Namun, mereka hanya berharap pasokan gas tetap terjaga, tanpa memperhatikan sumber energi yang digunakan. Saat ini, harga gas yang ditetapkan oleh pemasok dinilai sangat tinggi dan memberatkan industri.

Meski demikian, Henry mengakui bahwa ada pengurangan pasokan gas dari hulu, termasuk penurunan produksi dari kontraktor kontrak kerja sama (KKKS).

Hal ini memperparah masalah pasokan gas yang sudah tidak stabil. Ia menegaskan bahwa sulit bagi industri untuk bersaing dengan negara tetangga jika harga gas di Indonesia jauh lebih tinggi.

Kondisi Pasokan Gas di PGN

PT Perusahaan Gas Negara Tbk (PGN) juga memberi sinyal adanya defisit pasokan gas yang dikelola oleh perusahaan.

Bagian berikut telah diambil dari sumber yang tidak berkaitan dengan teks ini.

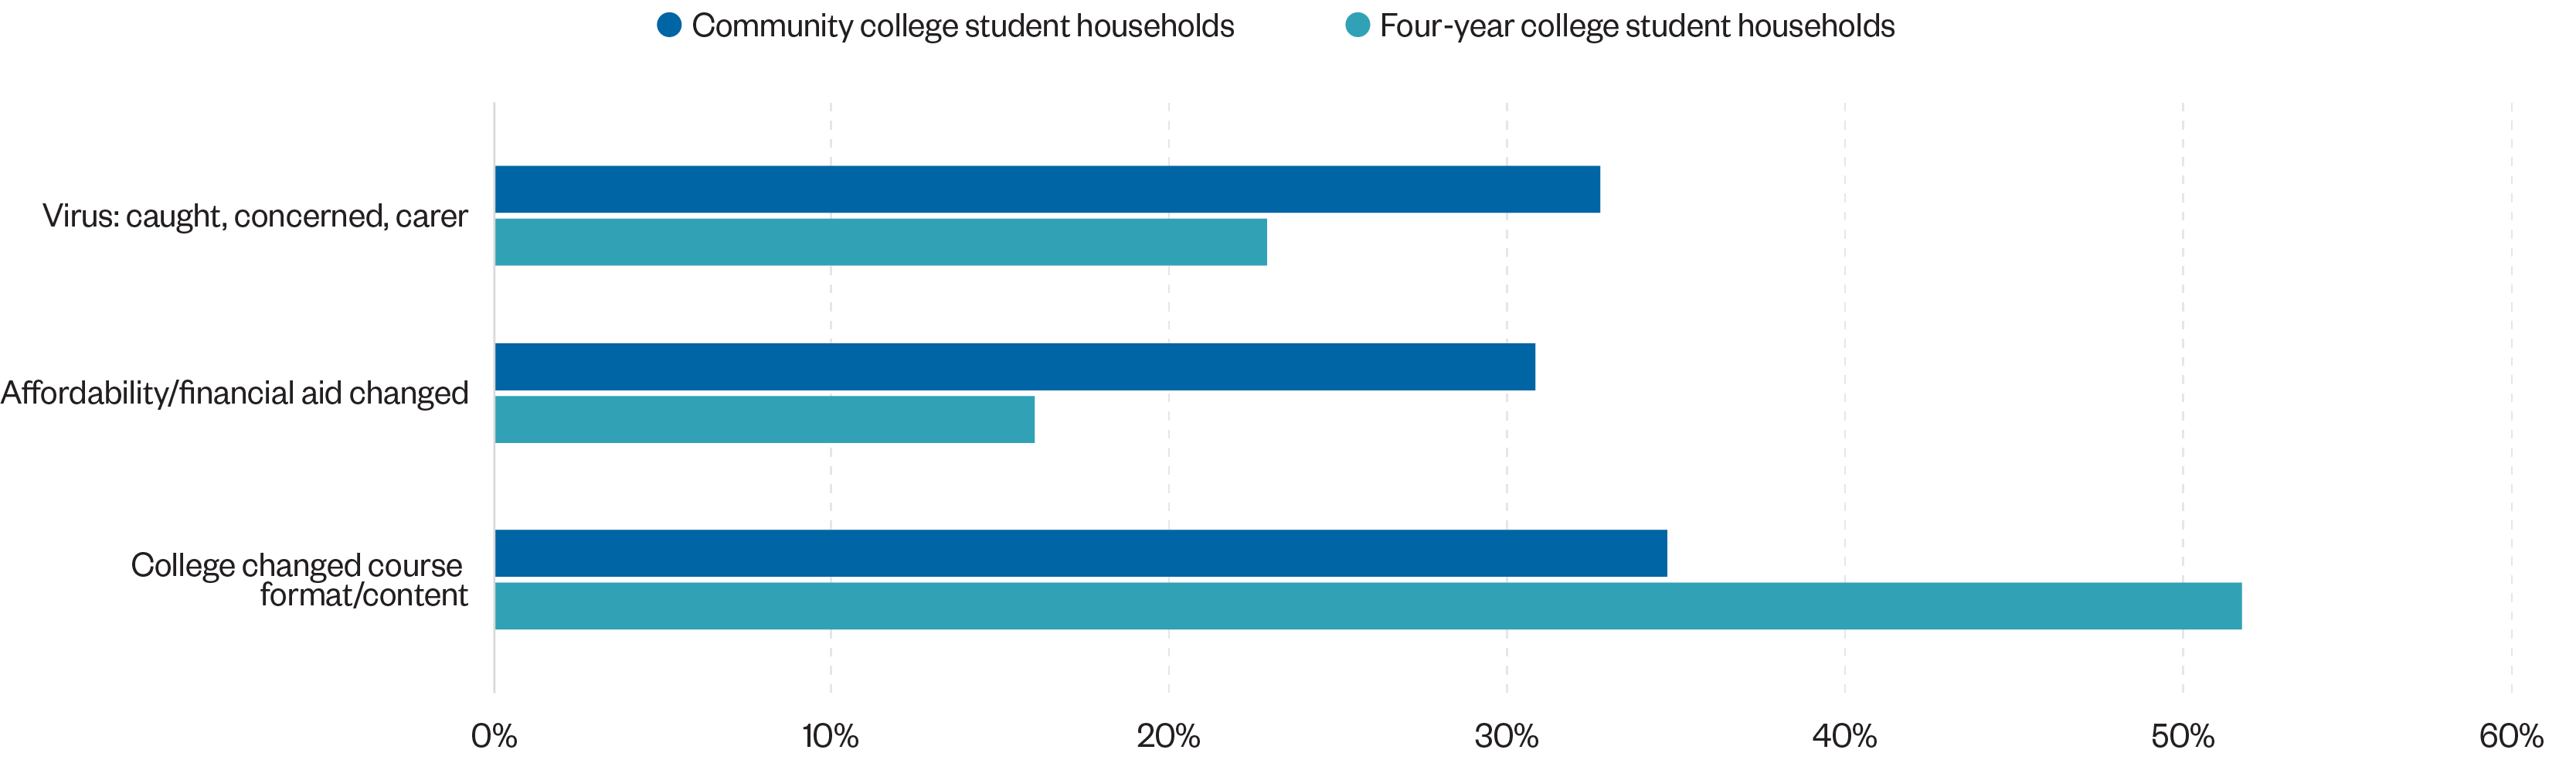 Results on why postsecondary enrollment plans changed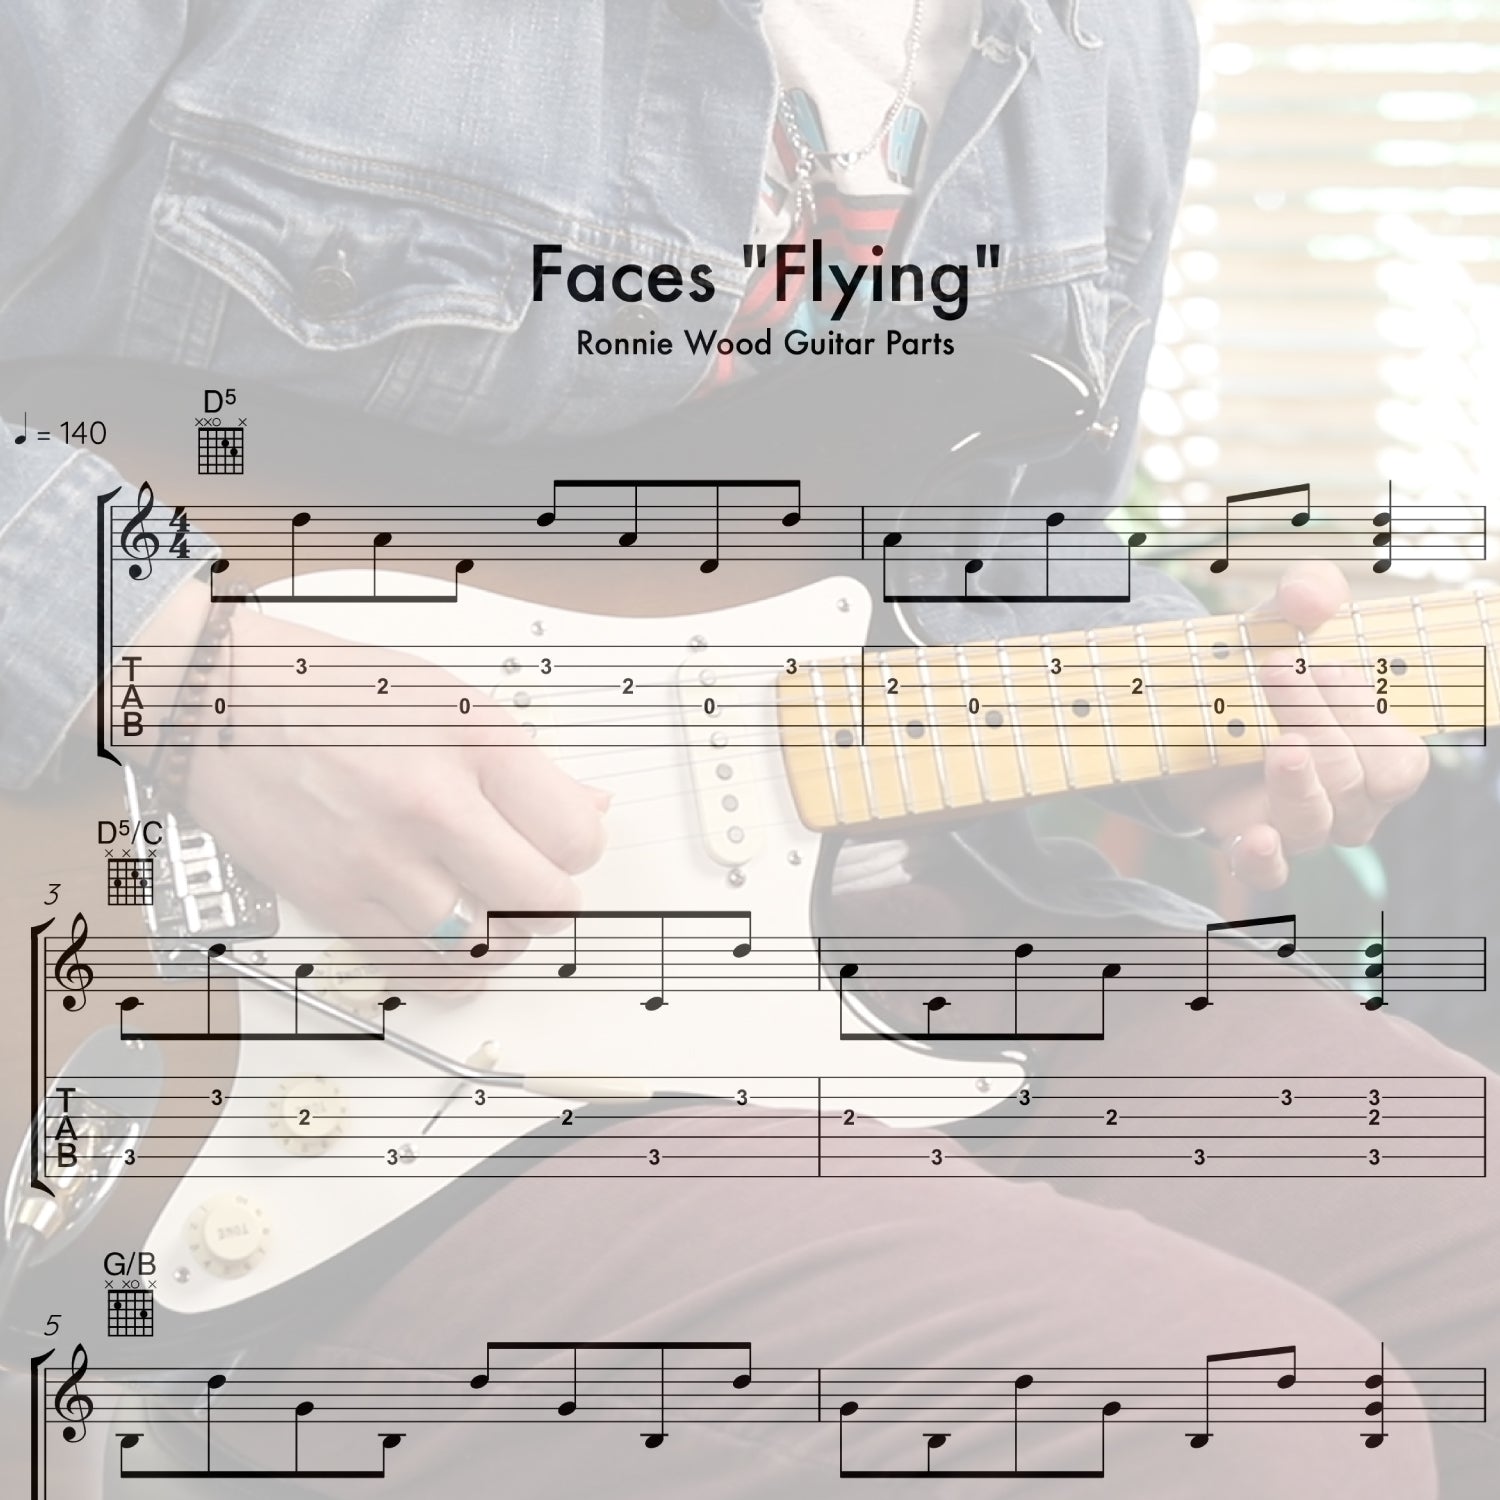 Faces "Flying"

Fajriyah Usman, Corporate Secretary PGN, menjelaskan bahwa penurunan alami produksi gas dari KKKS, gangguan infrastruktur, serta aspek harga berdampak pada pasokan gas. Penurunan produksi secara alami (natural decline) bisa mengganggu pasokan gas yang dikelola PGN.

Selain itu, gangguan operasional di sisi hulu juga turut memengaruhi pasokan. Fajriyah menekankan bahwa PGN bukan perusahaan yang bergerak di sisi hulu, sehingga ketergantungan pada mitra di sisi hulu membuat pasokan gas terpengaruh jika terjadi natural decline.

Dengan kondisi ini, PGN harus terus berupaya untuk menjaga stabilitas pasokan gas agar tidak mengganggu industri di dalam negeri.